Wang, un étudiant de Shengda et originaire d’une commune rurale de la province de Henan, dit au New York Times pourquoi la dévalorisation des diplômes est catastrophique pour les étudiants. « Il n’existe pas beaucoup de’emplois disponibles dans le monde des affaires et ils iront tous aux diplômés des universités publiques », précisa-t-il. Wang dit que la plupart de ses camarades de cours auront du mal à rembourser leurs dettes face aux énormes difficultés pour trouver du travail.

Les étudiants de Shengda n’étaient pas les premiers à protester. L’année dernière, en décembre 2003, des étudiants de l’East Soft Information Institute de la ville de Dalian qui est affilié à la Northeast University, s’étaient révoltés pour la même raison.

Alors que les manifestations se poursuivaient à Zhengzhou, l’Associated Press rapportait que le 21 juin, quelque 9.000 étudiants du campus de Jiangan de l’Université Sichuan dans le sud-ouest de la Chine, s’étaient révoltés après que les autorités leur aient interdit de regarder la Coupe du monde de football. Ils allumèrent des feux et saccagèrent des installations après que la direction de l’école ait coupé l’électricité à minuit pour obliger les étudiants à préparer leurs examens.

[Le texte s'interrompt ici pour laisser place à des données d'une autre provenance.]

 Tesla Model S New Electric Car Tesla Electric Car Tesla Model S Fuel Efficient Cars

Le 25 juin, selon le service chinois de la BBC qui s’était basé sur des comptes-rendus parus dans des journaux de Hong Kong, des milliers d’étudiants de l’université de Jiujiang dans la province de Jiangsu, ont protesté contre des frais d’études arbitraires. Les étudiants ont saccagé des installations scolaires et plusieurs voitures appartenant à des responsables de l’école.

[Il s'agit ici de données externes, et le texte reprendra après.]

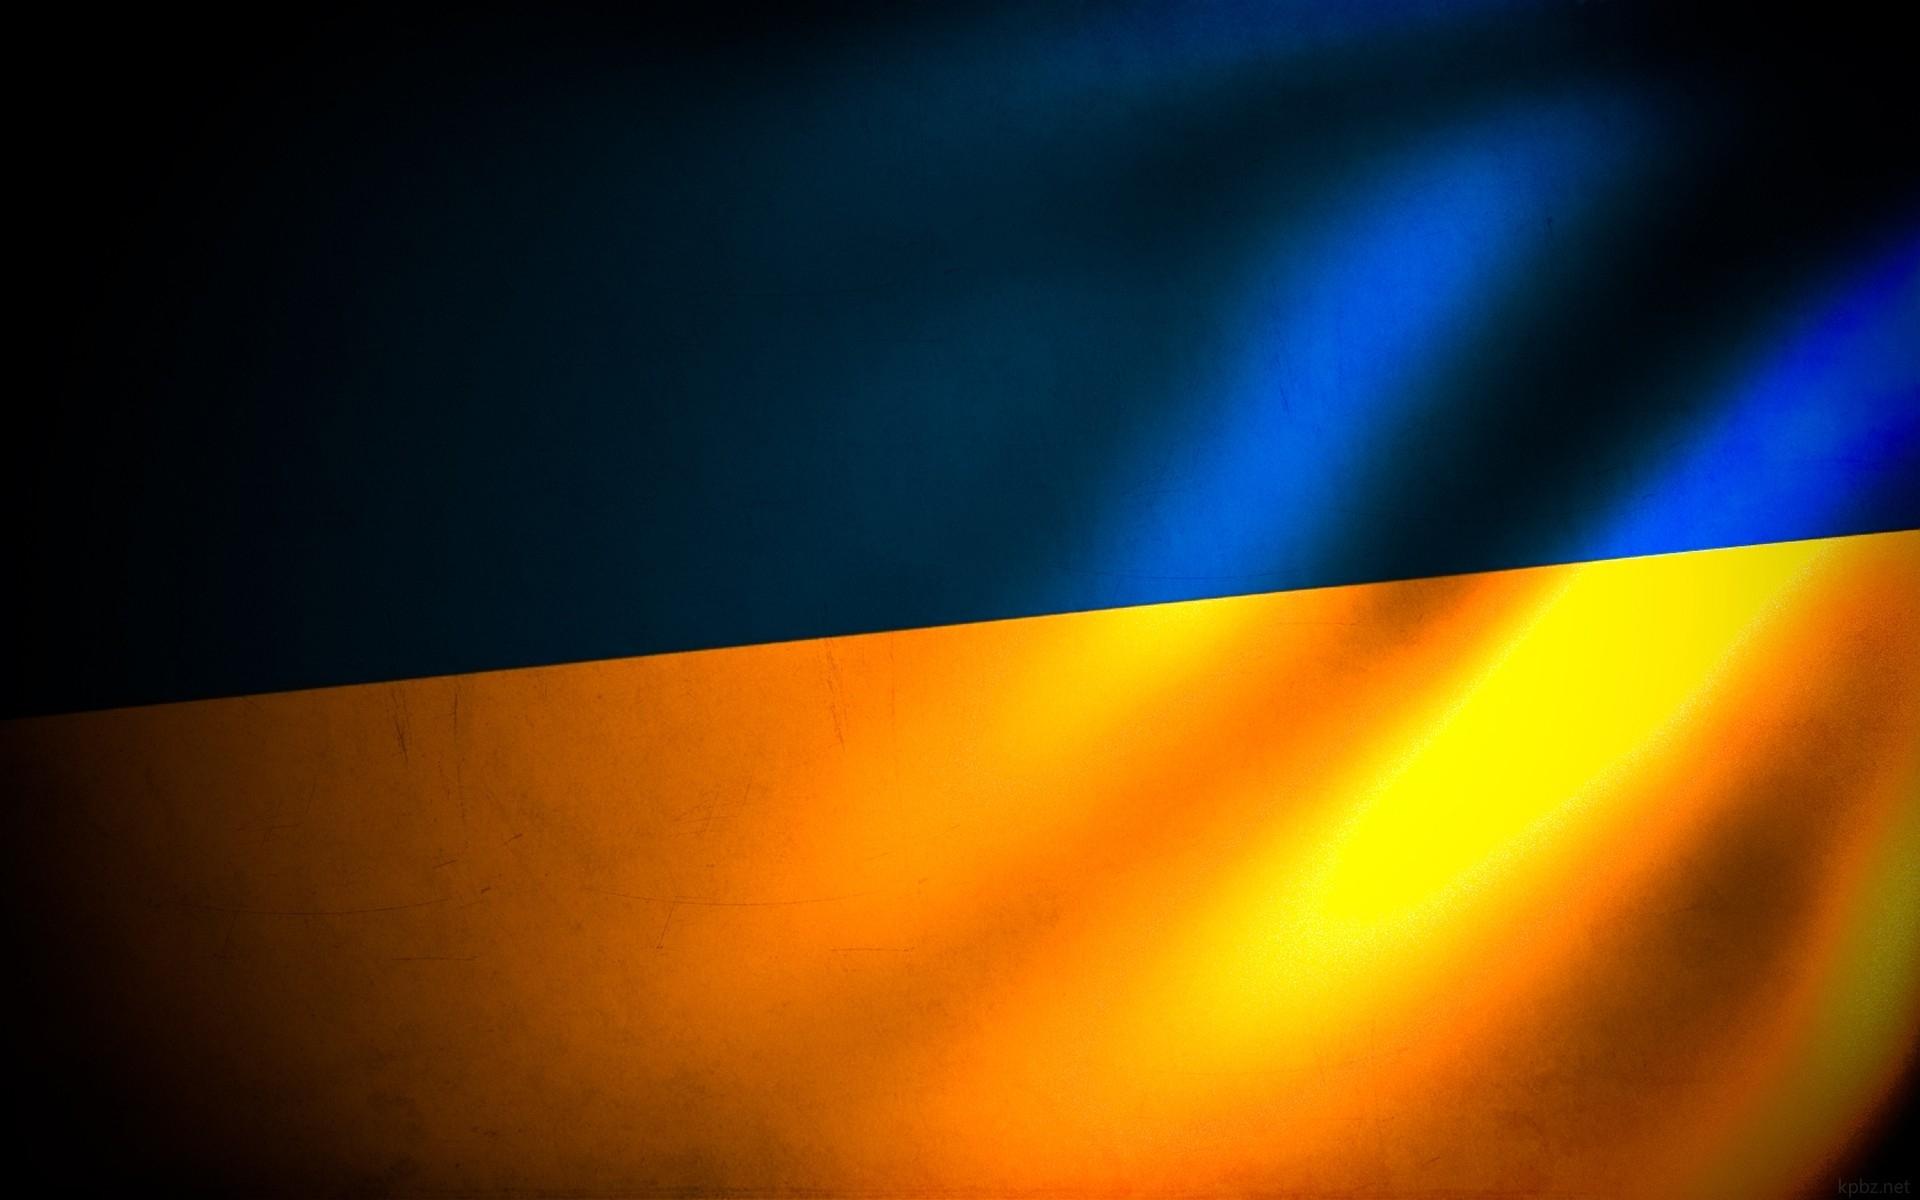 25104 Заставки и Обои Флаги на телефон. Скачать Флаги, Фон картинки бесплатно

Le gouvernement chinois est parfaitement conscient du danger que représente l’agitation étudiante qui, par le passé, fut le prélude à un plus vaste mécontentement de la classe ouvrière. En juin 1998, les revendications des droits démocratiques des étudiants de l’université de Beijing devinrent rapidement le point de ralliement de l’aliénation des travailleurs dans le pays entier et qui formulèrent leurs propres revendications. Le mouvement finira dans un bain de sang après que le régime ait donné l’ordre aux troupes et aux tanks d’écraser les manifestations sur la place Tiananmen. Dix-sept ans plus tard, aucun des conflits sociaux qui sous-tendent cette affaire sont résolus, au contraire, ils se sont intensifiés au fur et à mesure que Beijing a multiplié ses mesures capitalistes.

L’éruption de protestations parmi les étudiants chinois pauvres et désespérés fait partie d’un processus mondial plus vaste. Au début de cette année, des étudiants et des travailleurs français ont mené une lutte massive contre une législation draconienne permettant aux employeurs de traiter les jeunes diplômés comme de la main-œuvre jetable.

Les événements explosifs en France semblent à première vue n’avoir aucun lien avec ceux qui se sont produits en Chine. En réalité, les attaques antisociales contre les jeunes en France ne peuvent pas être comprises séparément de la misère infligée à des centaines de millions de travailleurs et de jeunes chinois qui sont impitoyablement exploités par le capital mondial dans le but d’abaisser les salaires et les conditions sociales dans le monde entier.